I USED TO insist that I do my own thing but now give myself over to the talents of the hair-and-makeup team. They’re capable of almost completely erasing the haggard, sallow look of fatherhood and making my outside appear alert even if my brain is a little foggy. And a note about that: Sleep deprivation is real and cumulative, and there’s no solution other than shut-eye. But I do have a trick for when I’m feeling a little extra bleary—after, say, shooting a story in San Francisco before flying on a red-eye home and going straight to set. I tell myself that “slow is smooth, and smooth is fast.”

I learned this from a special operations weather team airman, aka SOWT (pronounced SOW-TEE). I did a big, immersive piece with these guys. They are U. S. Air Force special tactics officers who attach to Navy SEAL and Army Ranger teams for spot weather and terrain analysis. I think the phrase is used throughout special operations.

It keeps my head in the moment. And what a moment it is: We pretape some headlines, but the show is all live, and once the red light goes on, there’s no such thing as a pause button.

Brian Finke

7:50 a.m. | Midshow Break

REMEMBER MY no-breakfast rule? Well, I break it after our first hour, with a couple spoons of peanut butter taken from a spread in the greenroom, which is where all our guests hang out before going on-air. On our best days, the place feels like a clubhouse for the country’s most interesting people, and I wander in for the peanut butter.
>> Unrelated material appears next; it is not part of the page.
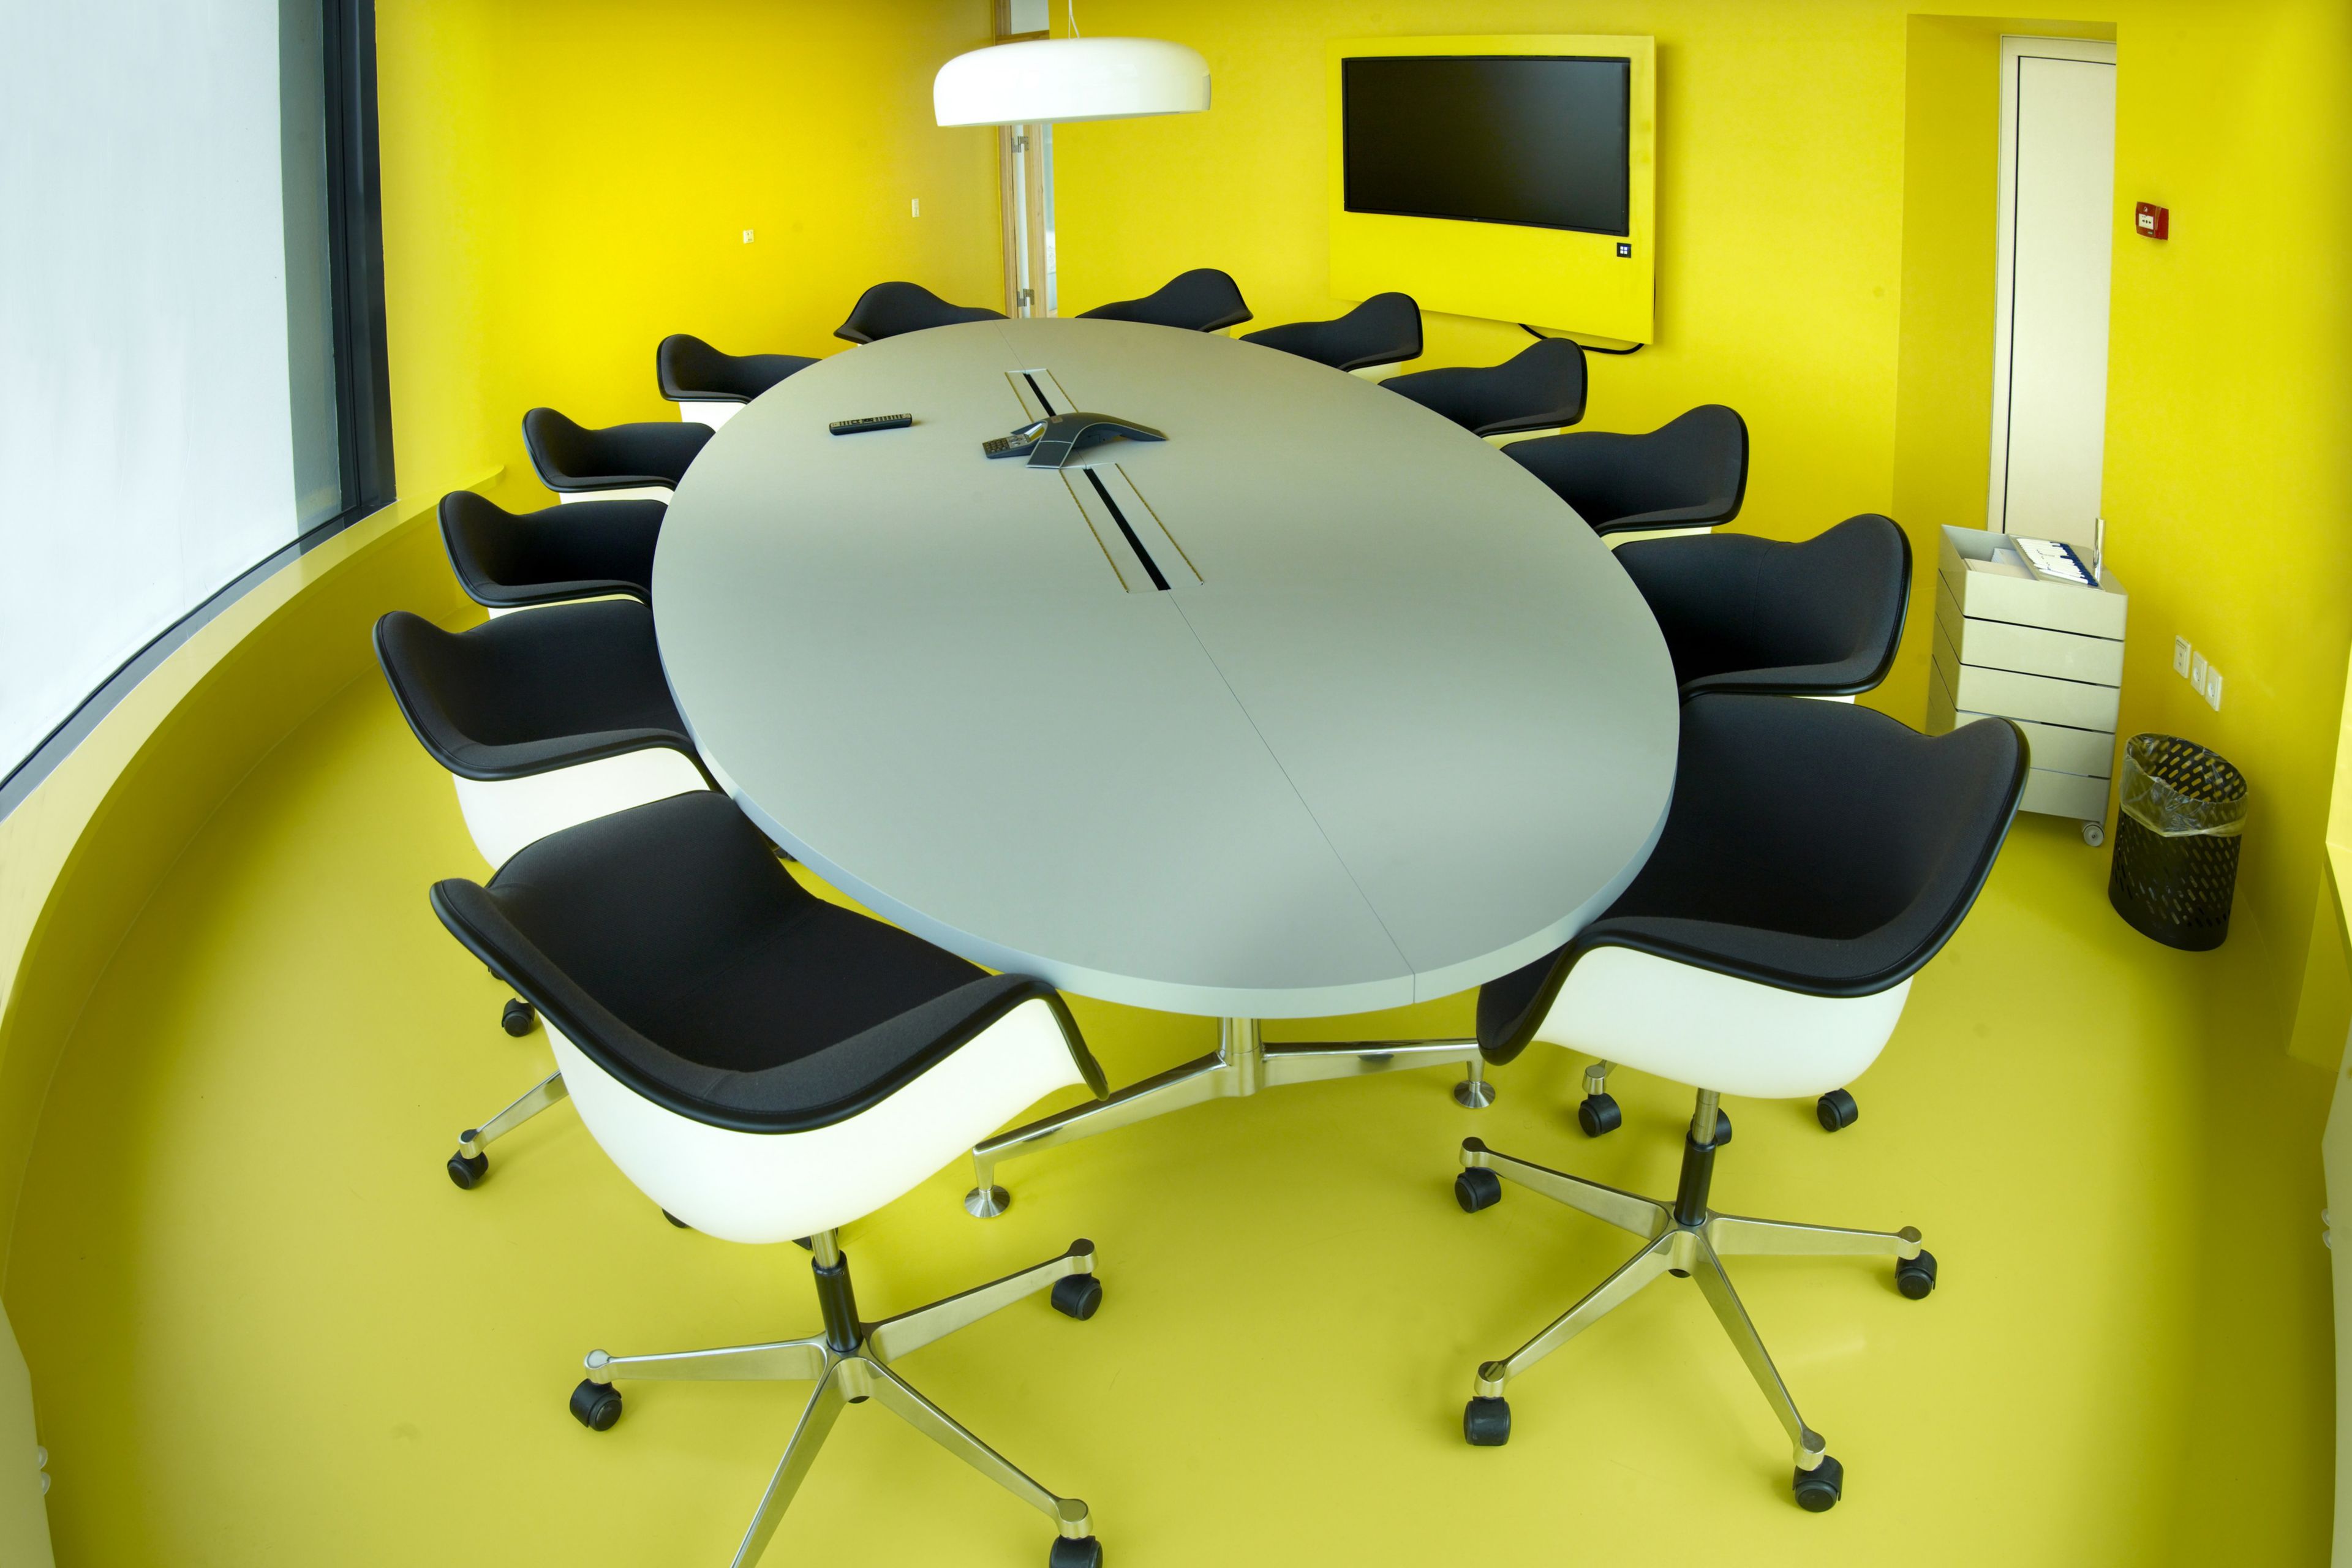 Decorative yellow floor in office meeting room

It isn’t a pretty choice, or a wise one, given that I can’t have it stuck to the roof of my mouth on camera. But it’s the only thing I’d call a superfood.

Besides, at 9:00 a.m., when the show is over, the rest of my day begins—with shoots, scripts, and the many small domestic fires of daily life. Some days I’m not done until it’s time to do it all over again. There are few things better than sleep. But this job is one of them.